| Provided data |
━━━
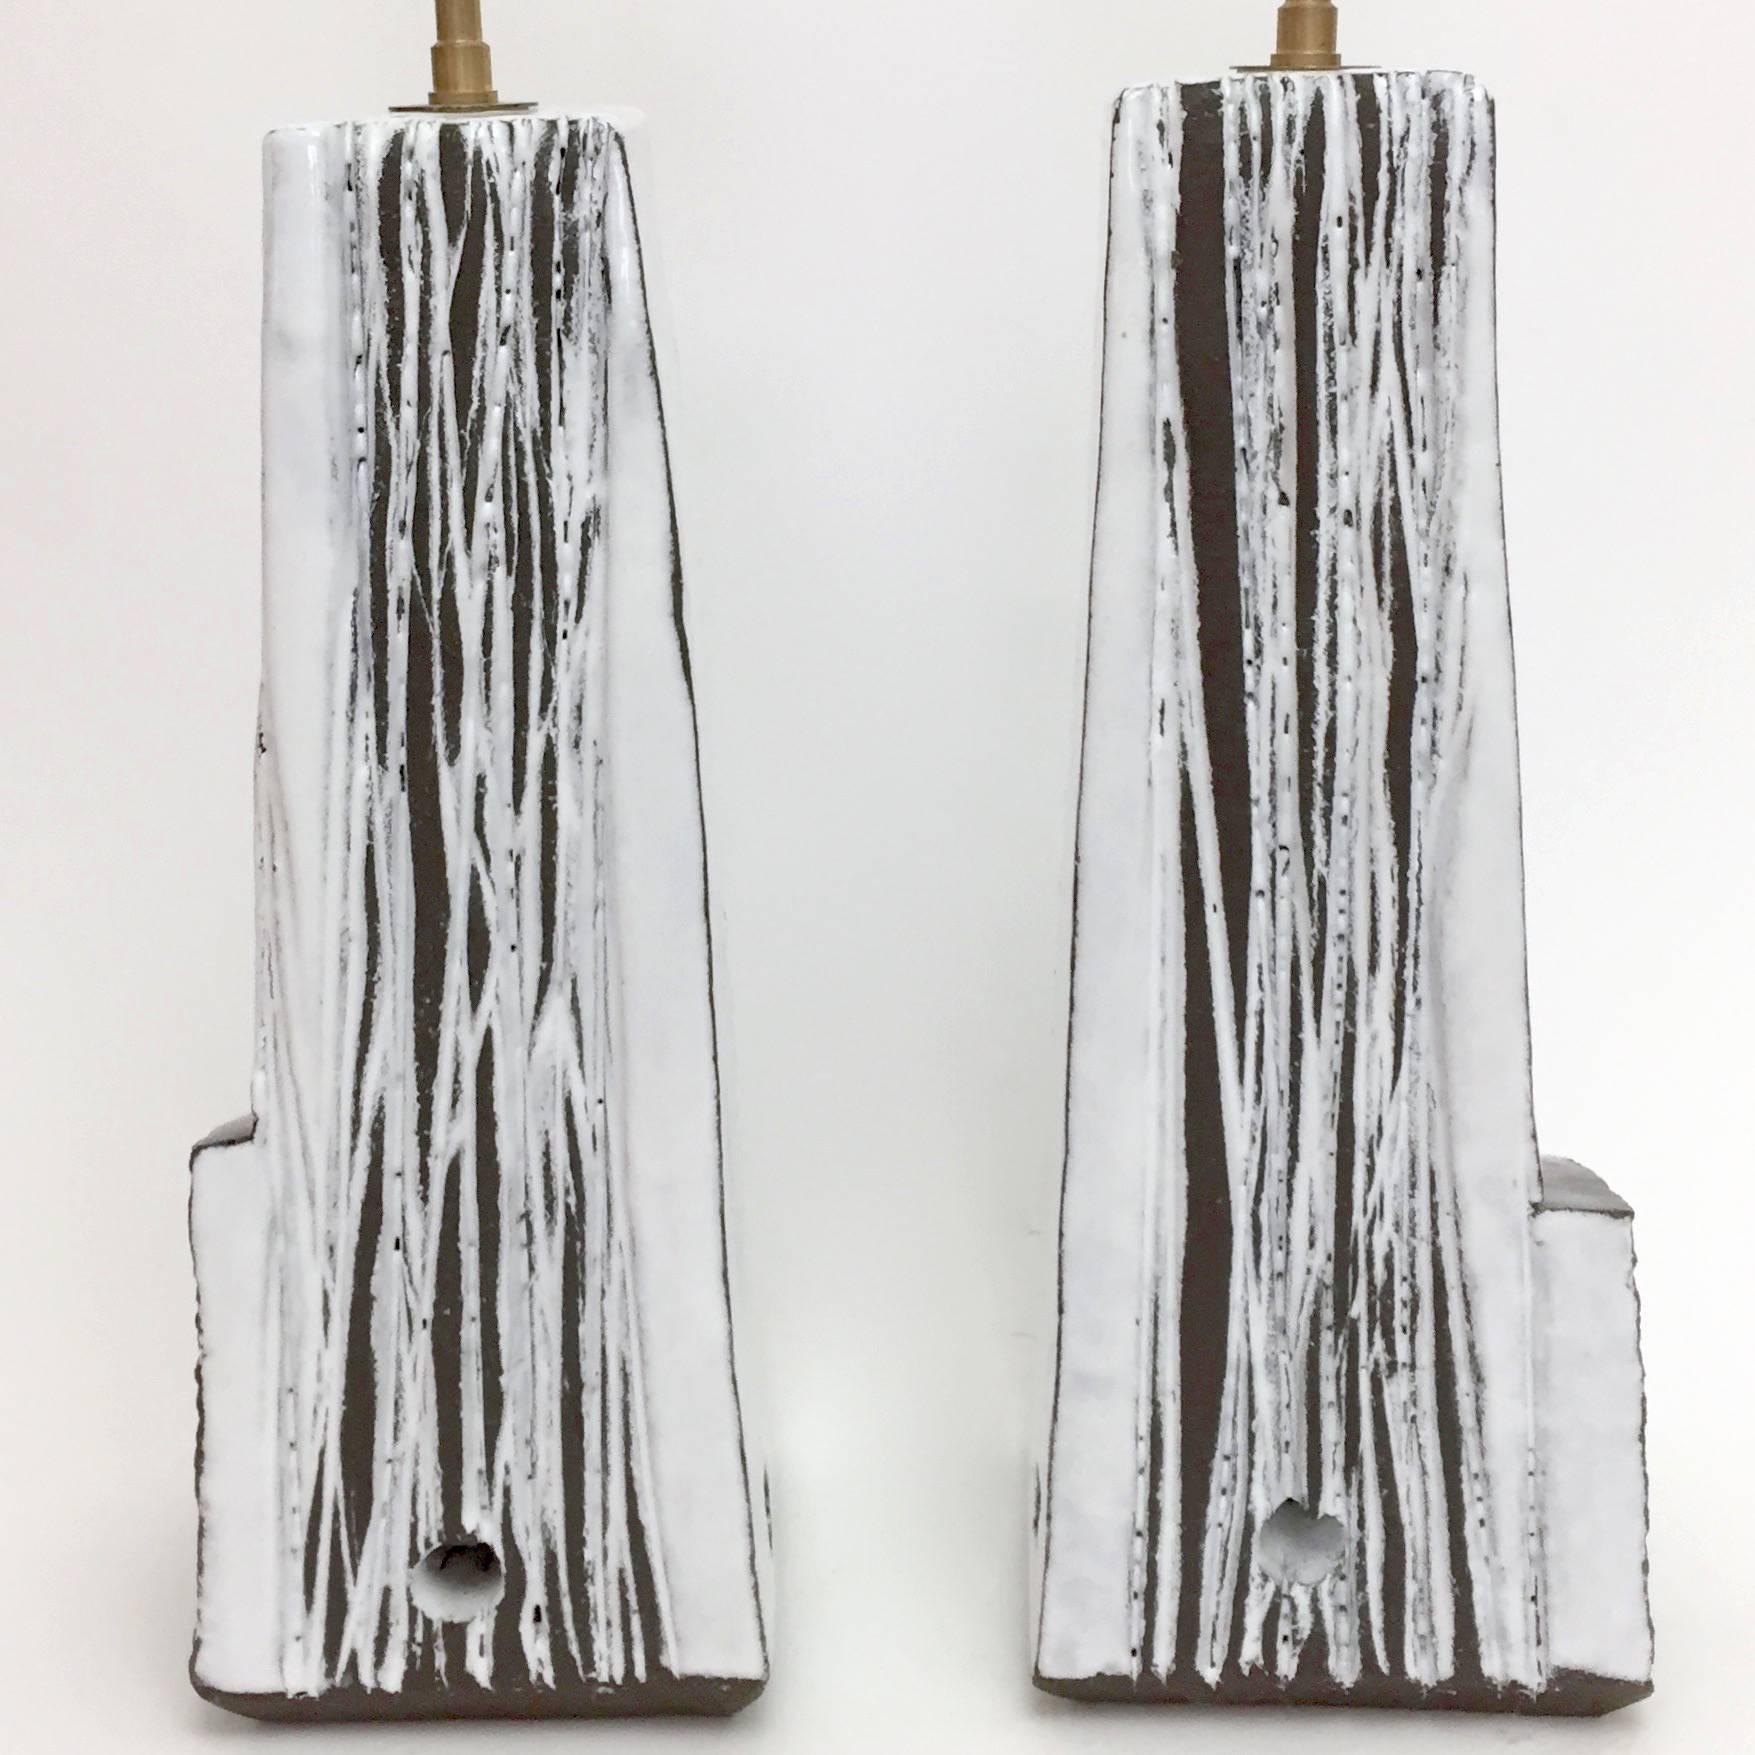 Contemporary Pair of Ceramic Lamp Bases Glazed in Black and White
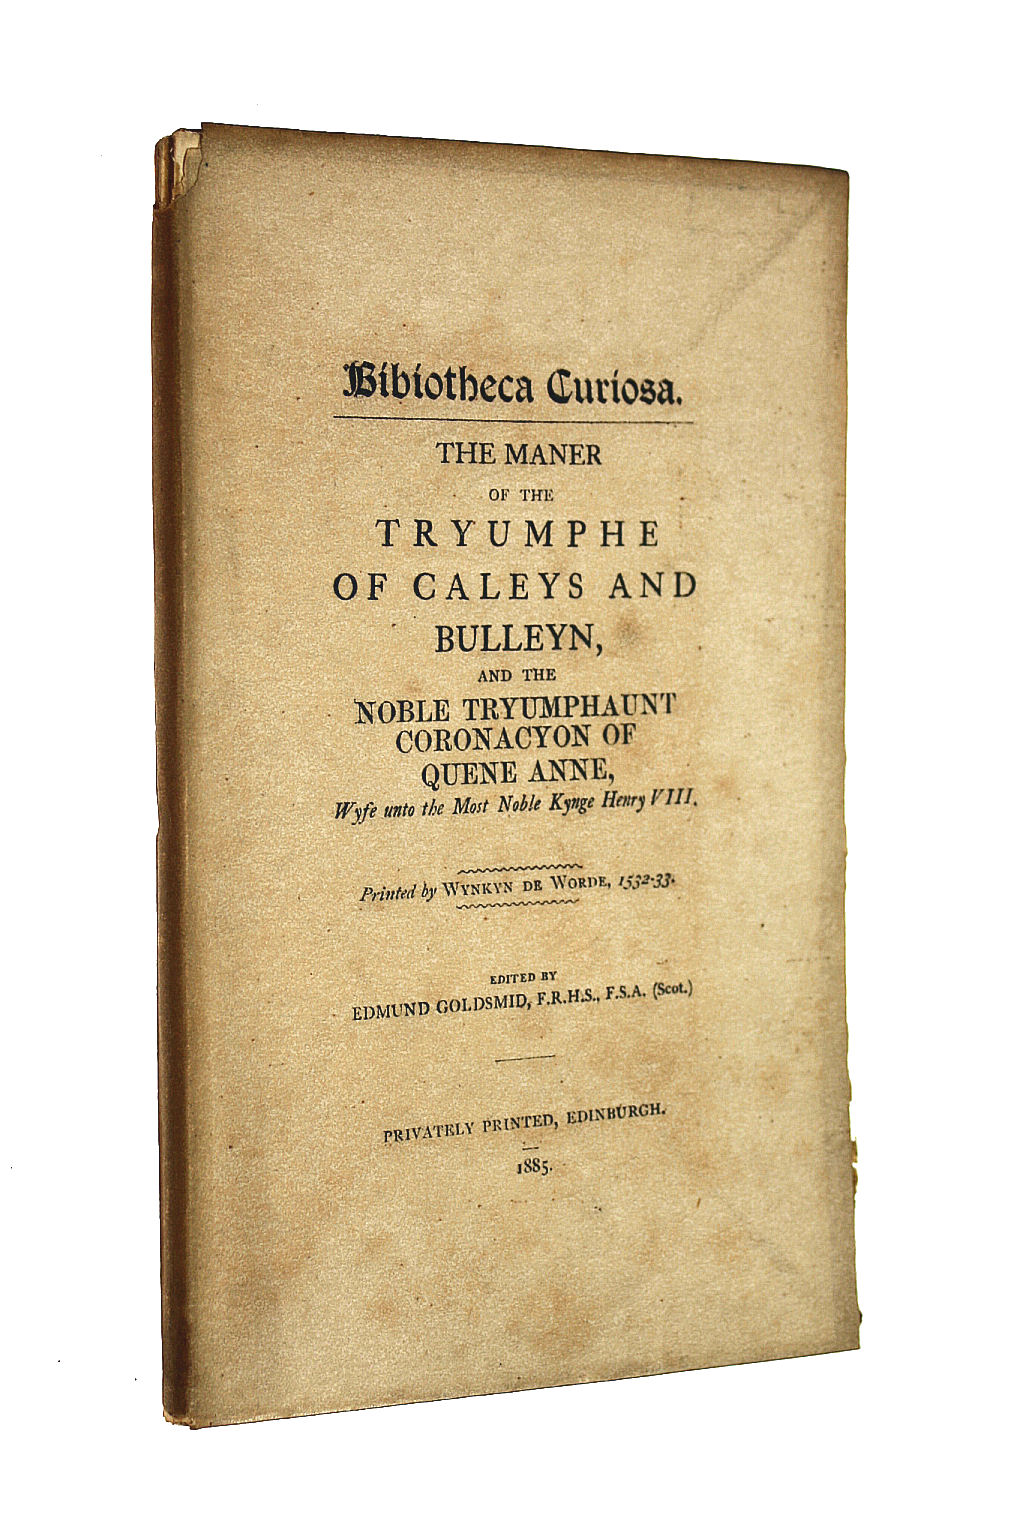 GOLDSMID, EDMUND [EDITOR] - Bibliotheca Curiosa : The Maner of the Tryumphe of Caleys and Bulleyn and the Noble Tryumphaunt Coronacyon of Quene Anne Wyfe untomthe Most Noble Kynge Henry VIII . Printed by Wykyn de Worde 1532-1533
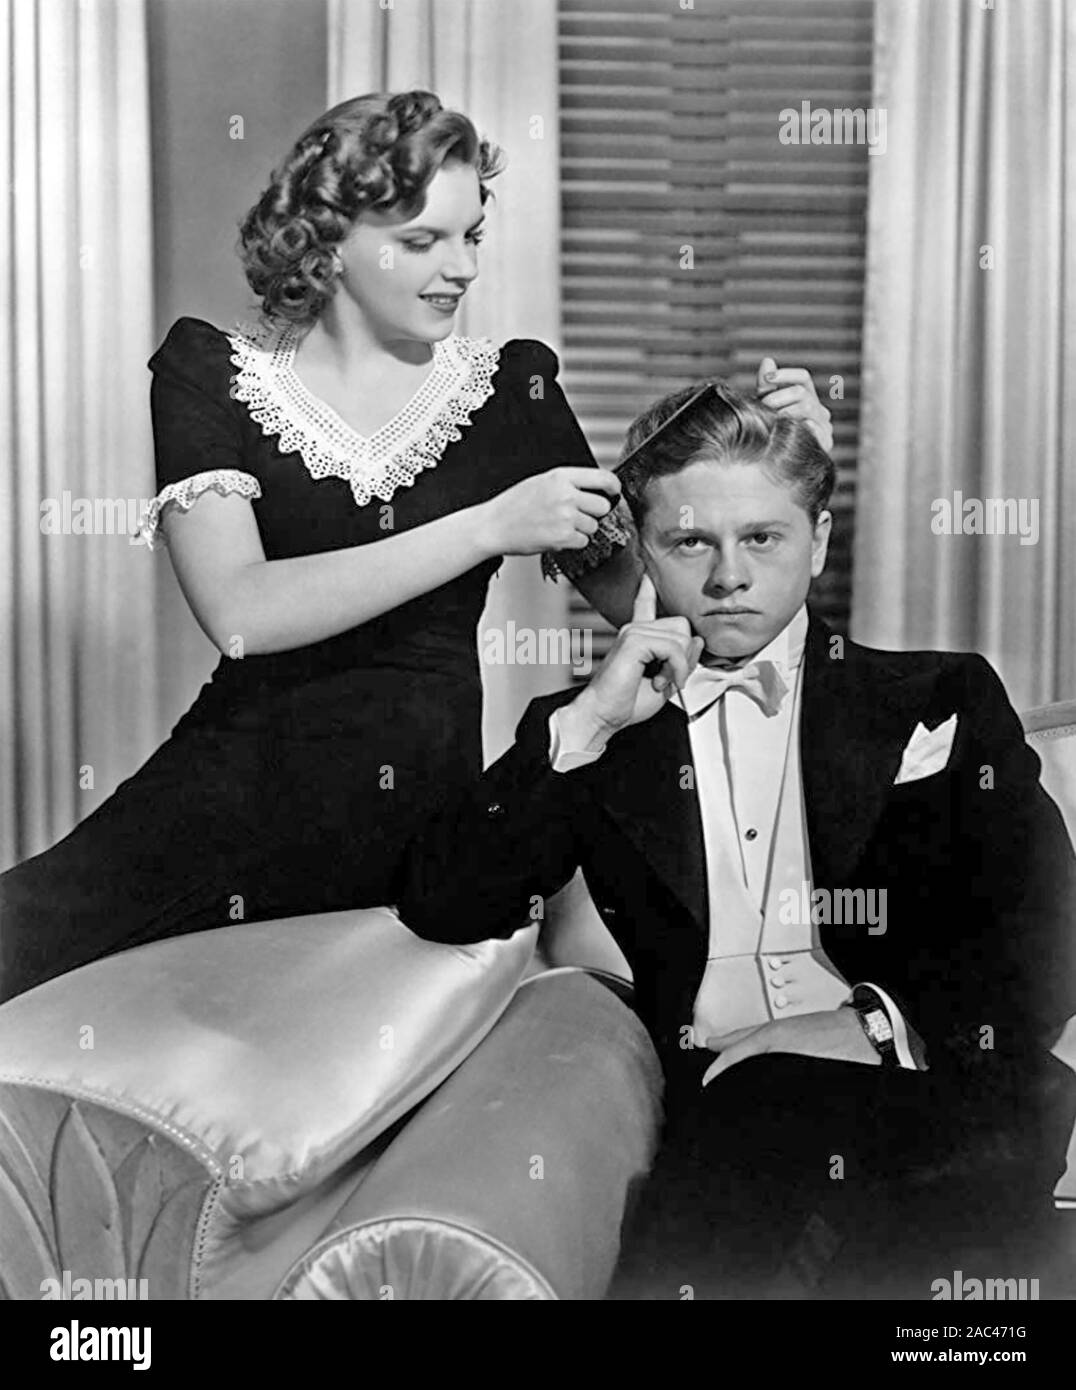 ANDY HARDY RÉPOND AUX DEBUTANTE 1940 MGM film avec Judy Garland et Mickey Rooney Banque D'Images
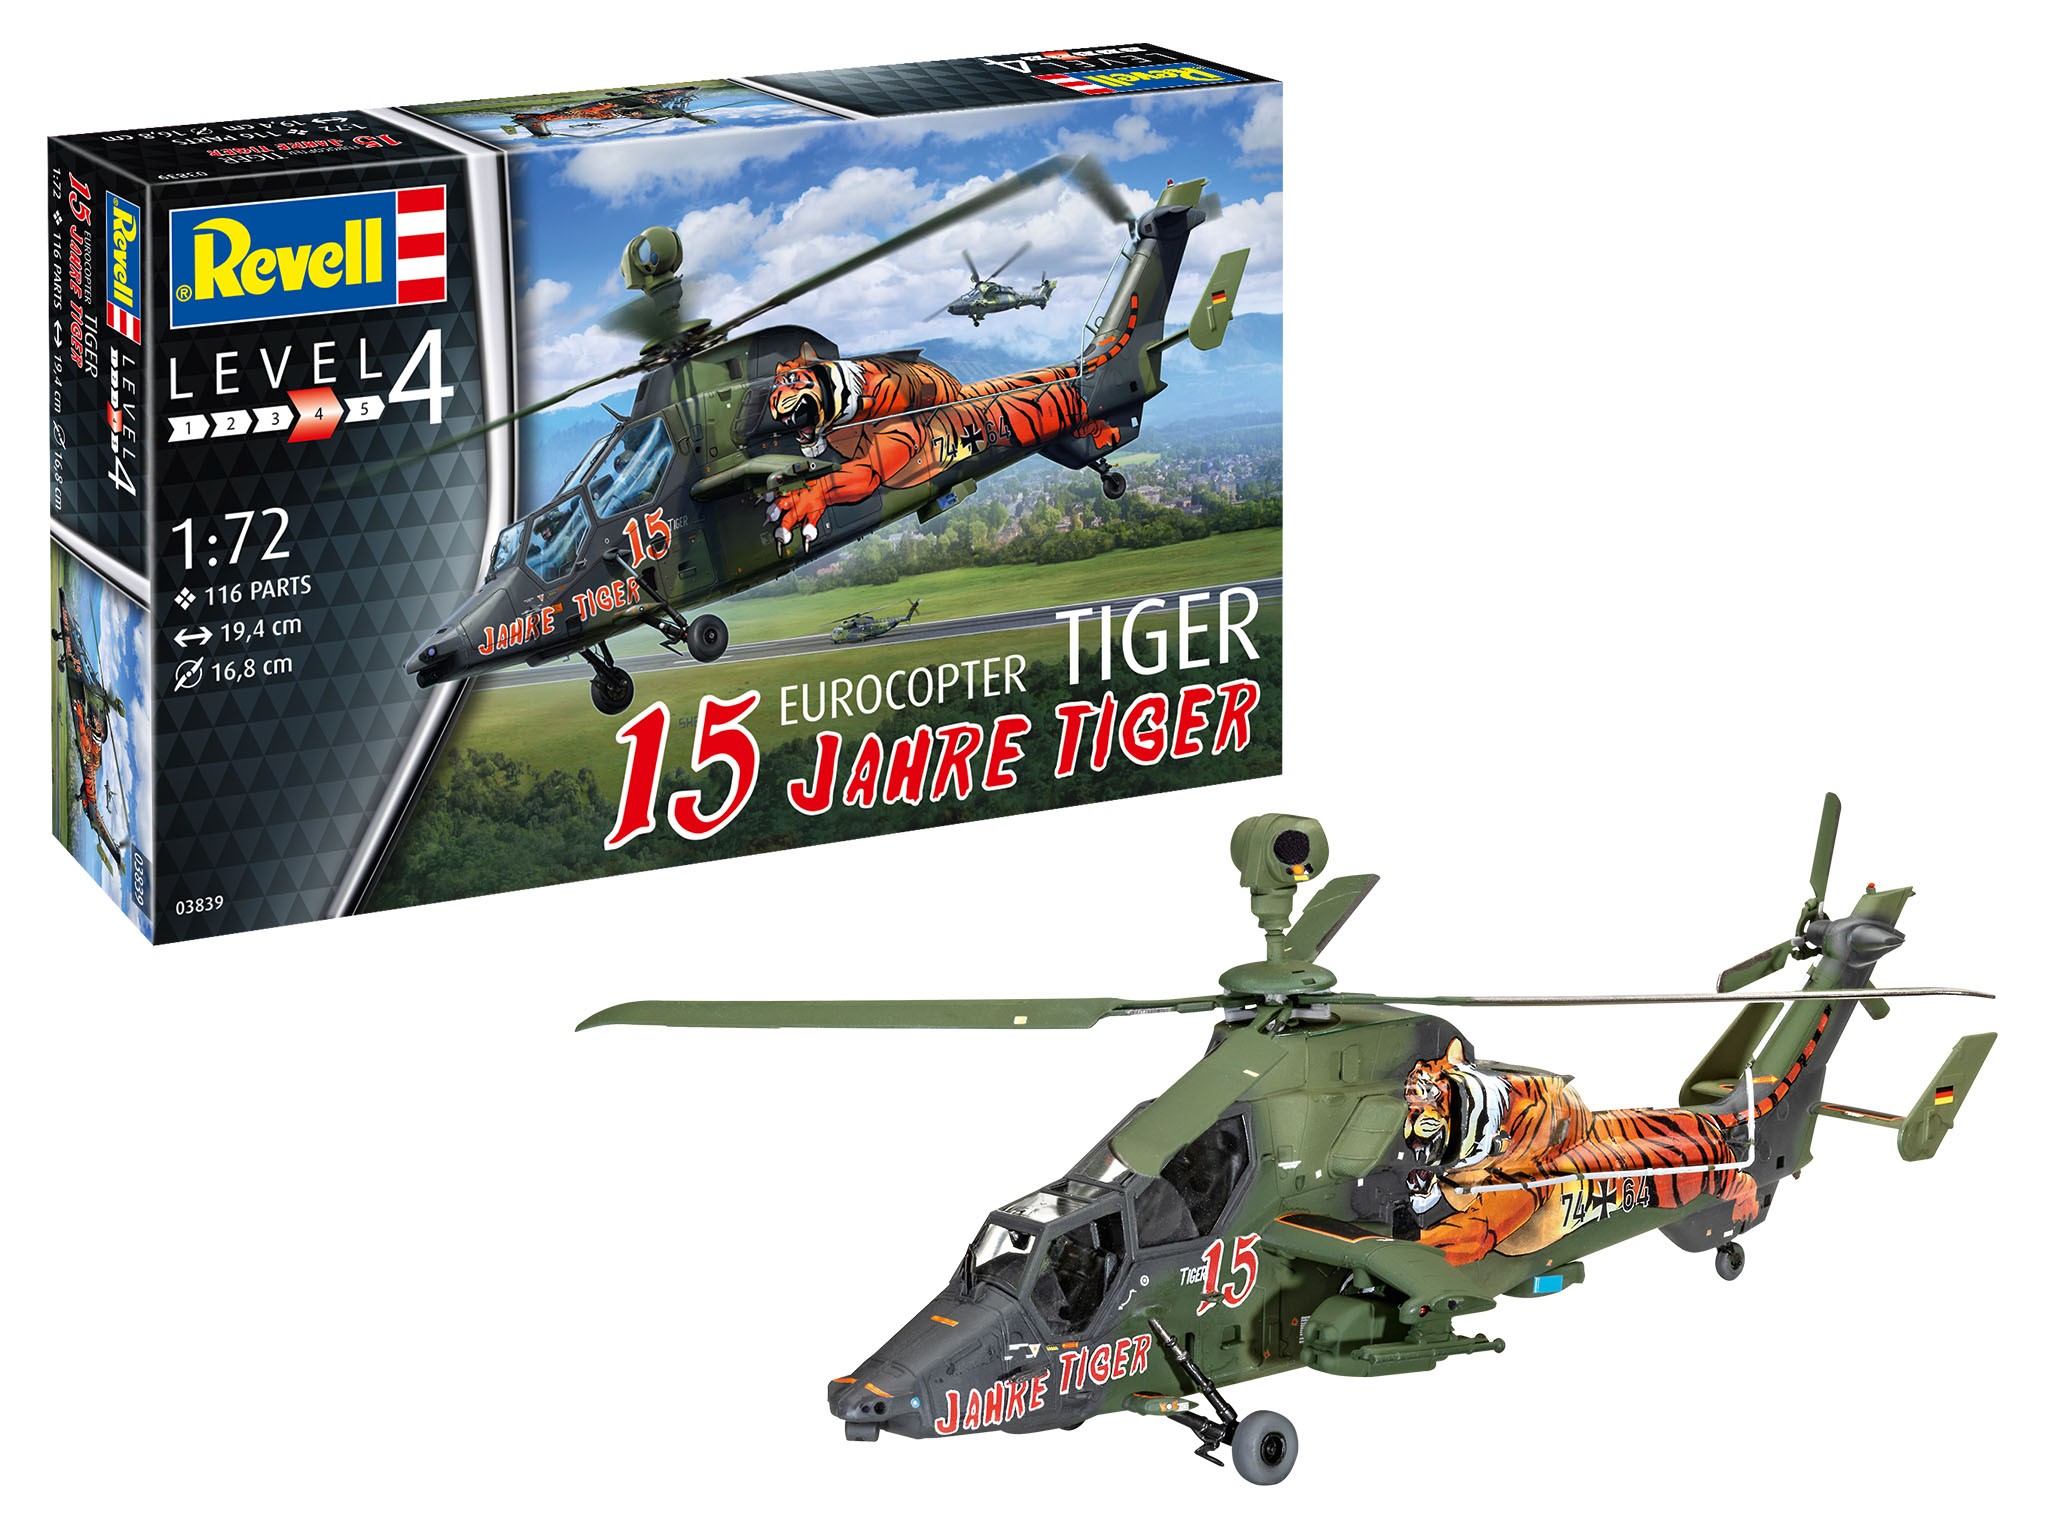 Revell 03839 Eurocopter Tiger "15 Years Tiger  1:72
━━━
| What is being asked |
Would you please write out exactly the lines between the line containing "GOLDSMID, EDMUND [EDITOR]" and the last line of the listing above, inclusive, without pictures?

| Response |
 GOLDSMID, EDMUND [EDITOR] - Bibliotheca Curiosa : The Maner of the Tryumphe of Caleys and Bulleyn and the Noble Tryumphaunt Coronacyon of Quene Anne Wyfe untomthe Most Noble Kynge Henry VIII . Printed by Wykyn de Worde 1532-1533
 ANDY HARDY RÉPOND AUX DEBUTANTE 1940 MGM film avec Judy Garland et Mickey Rooney Banque D'Images
 Revell 03839 Eurocopter Tiger "15 Years Tiger  1:72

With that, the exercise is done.